▶ Work instructions:
Repeat the listing below in full and exactly. Pictures are to be omitted.

(Information supplied begins)

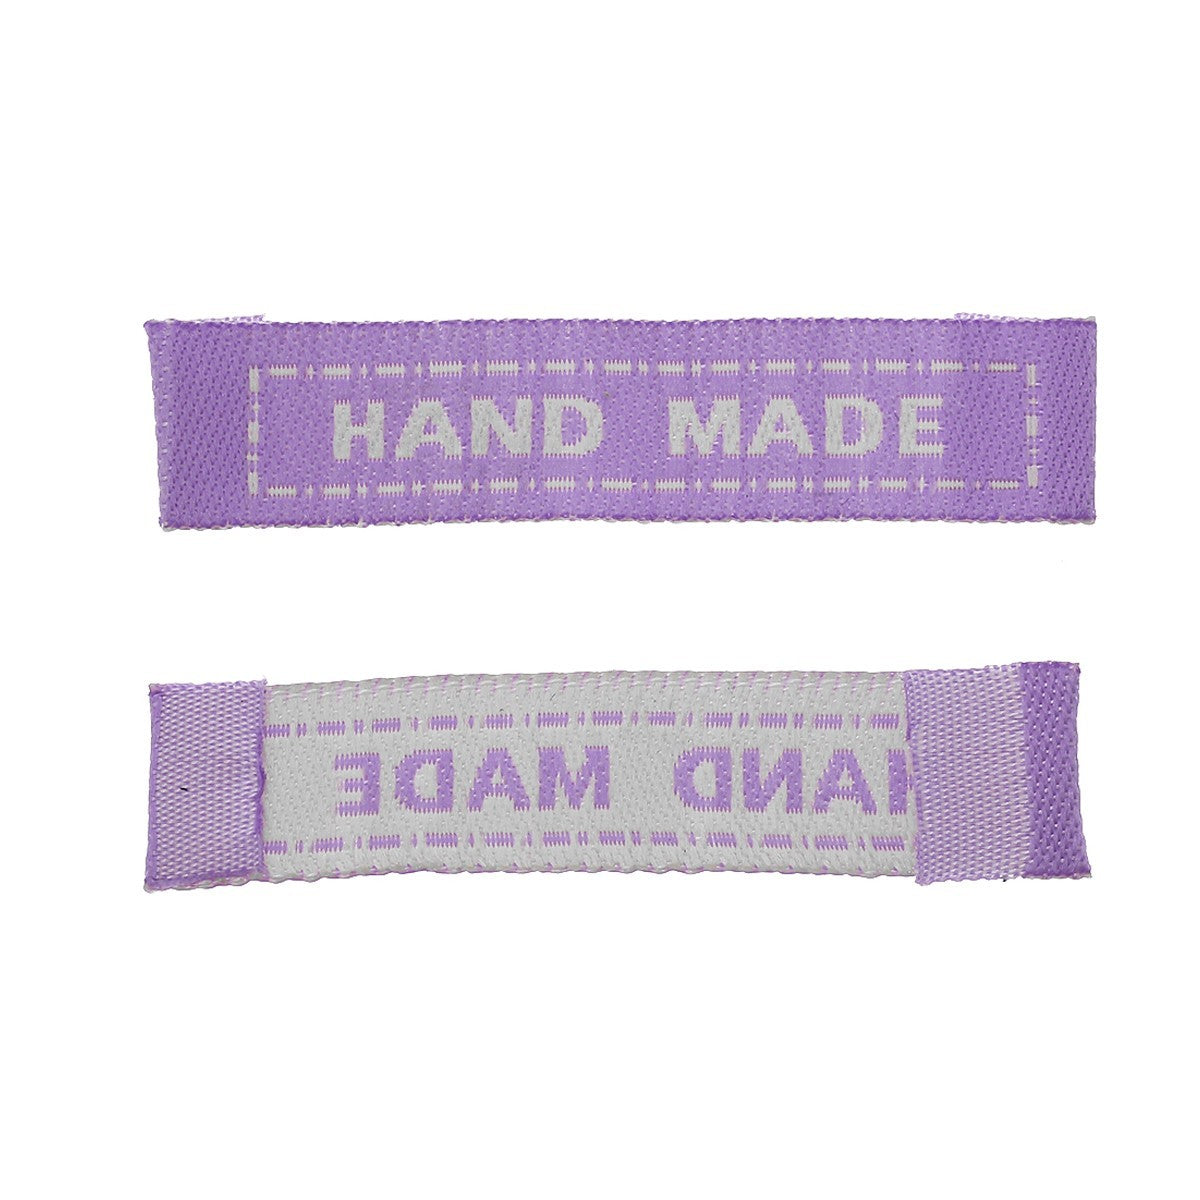 Labels Purple "HAND MADE" 45mm x 10mm (10pcs)
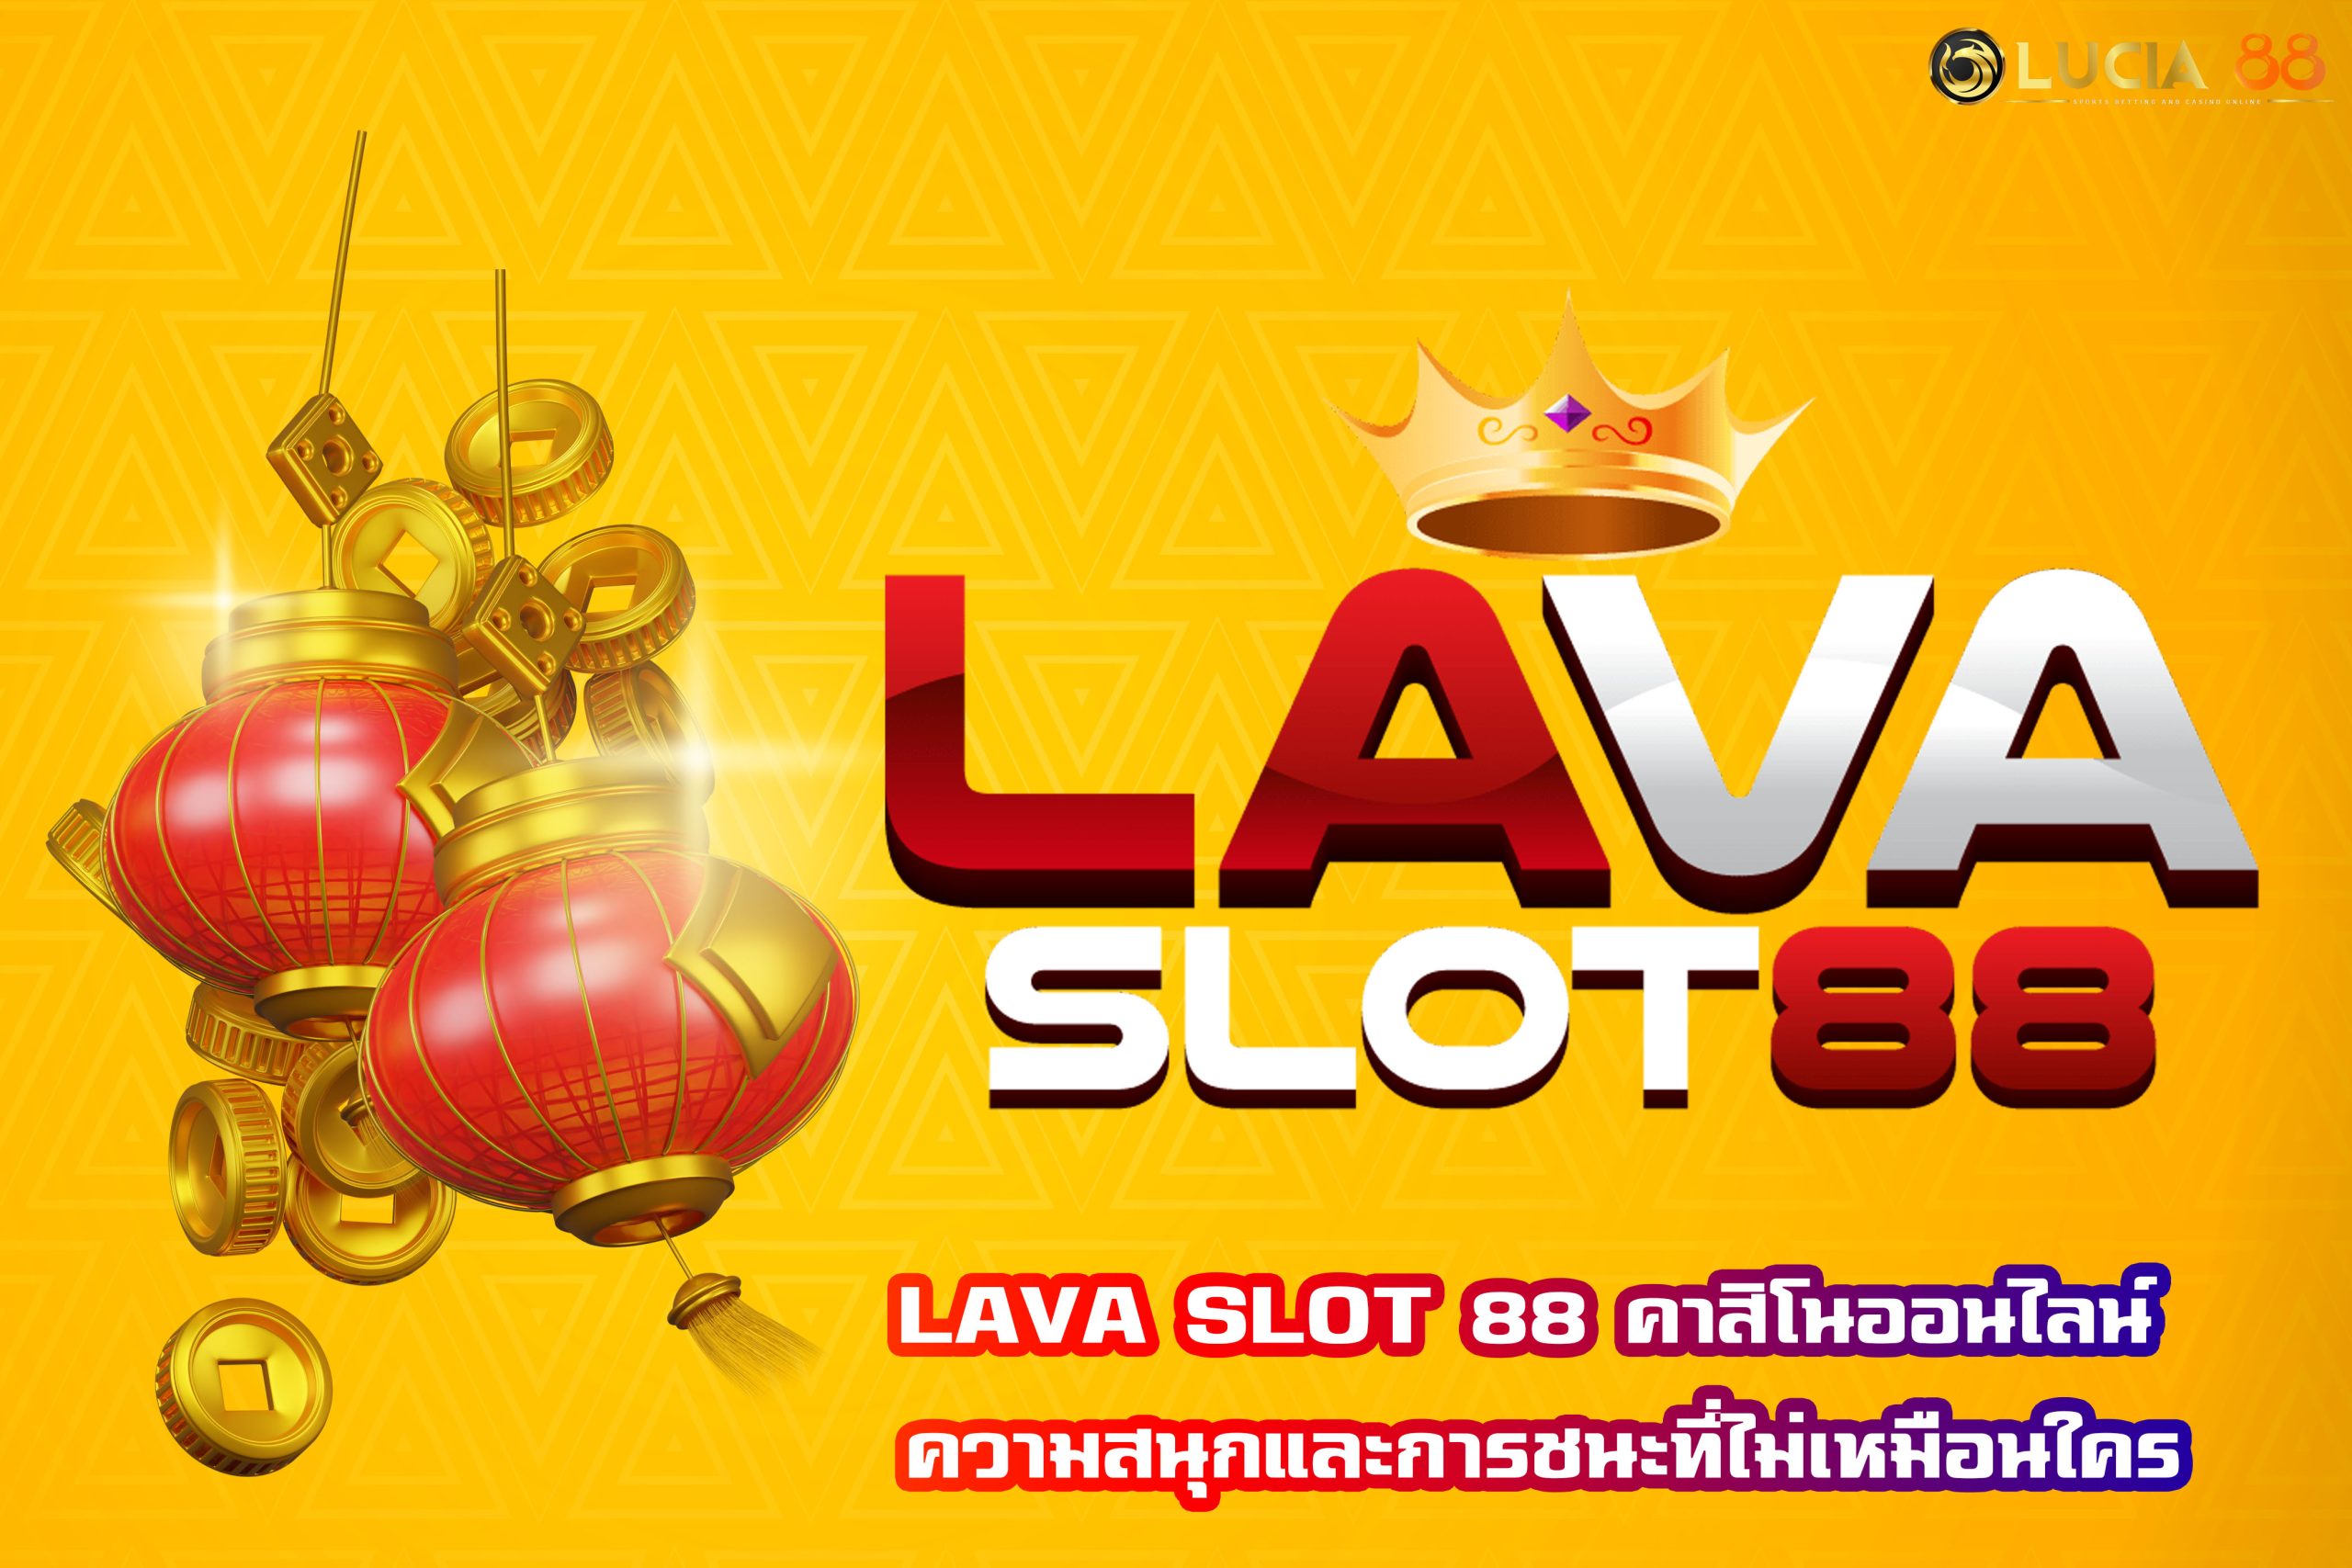 LAVA SLOT 88 คาสิโนออนไลน์ ความสนุกและการชนะที่ไม่เหมือนใคร
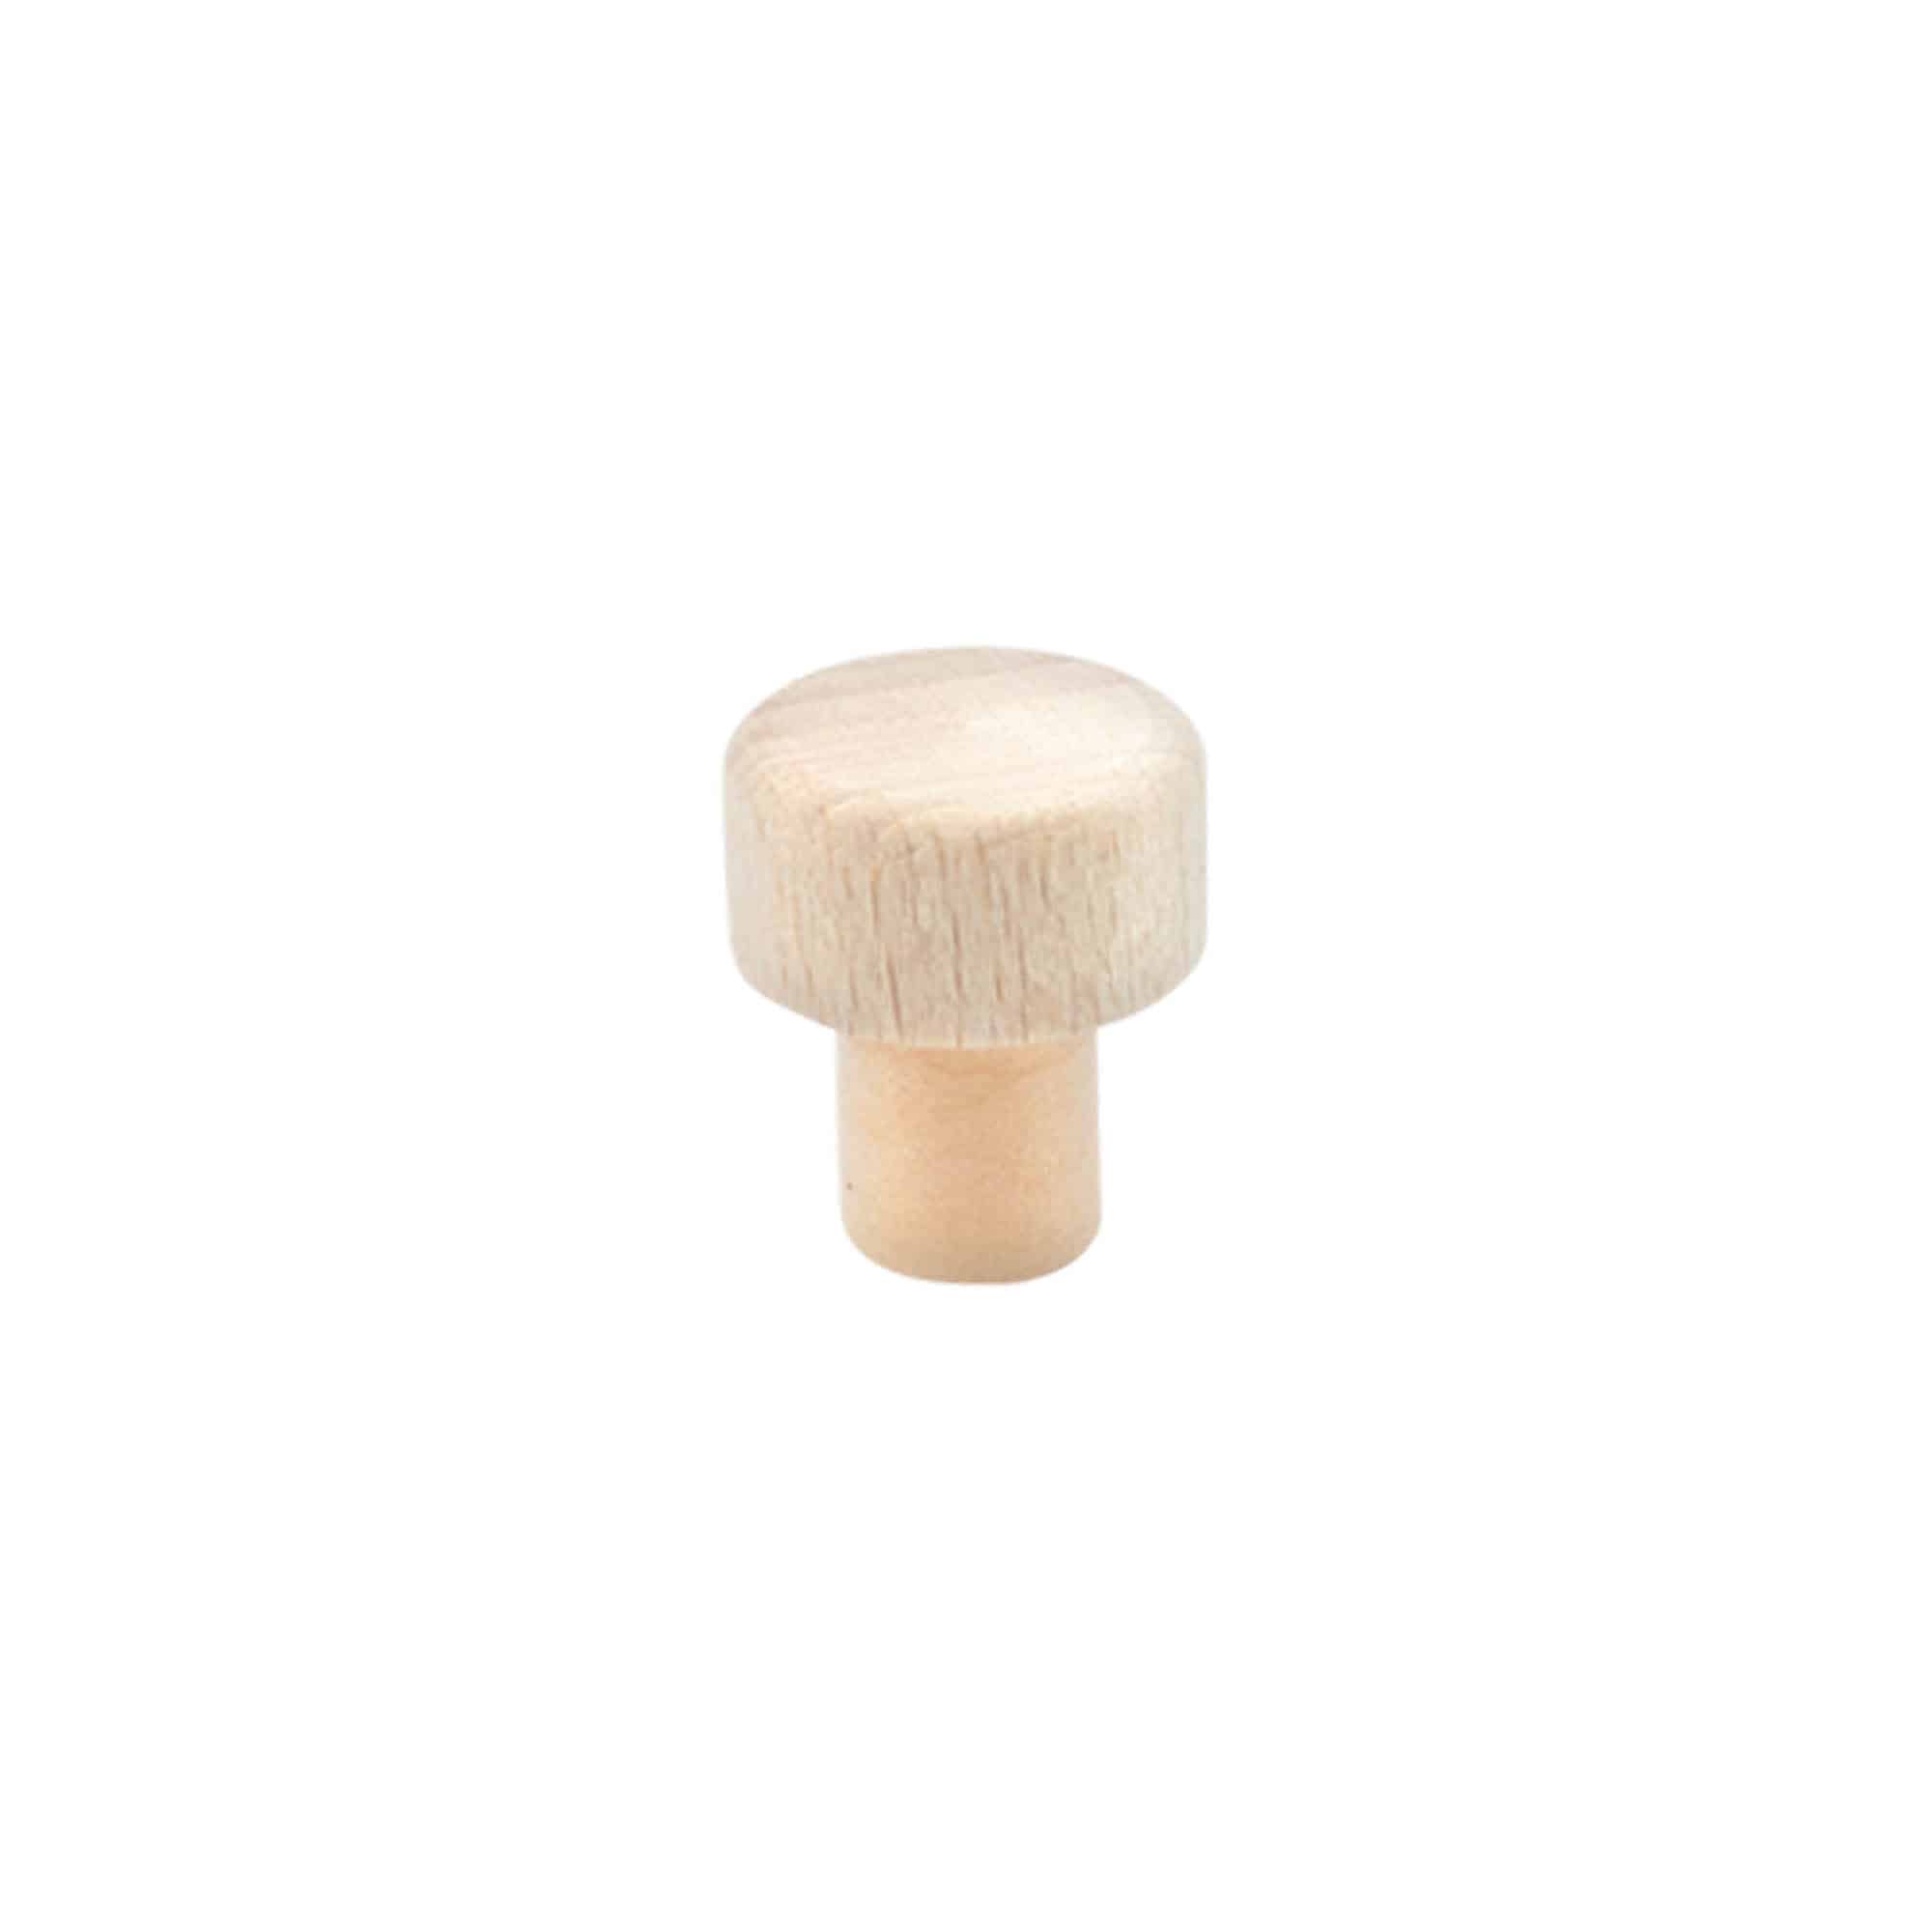 11 mm mushroom cork, wood, for opening: cork

(Information supplied ends)

▶ Expected output:
 Labels Purple "HAND MADE" 45mm x 10mm (10pcs)
 LAVA SLOT 88 คาสิโนออนไลน์ ความสนุกและการชนะที่ไม่เหมือนใคร
 11 mm mushroom cork, wood, for opening: cork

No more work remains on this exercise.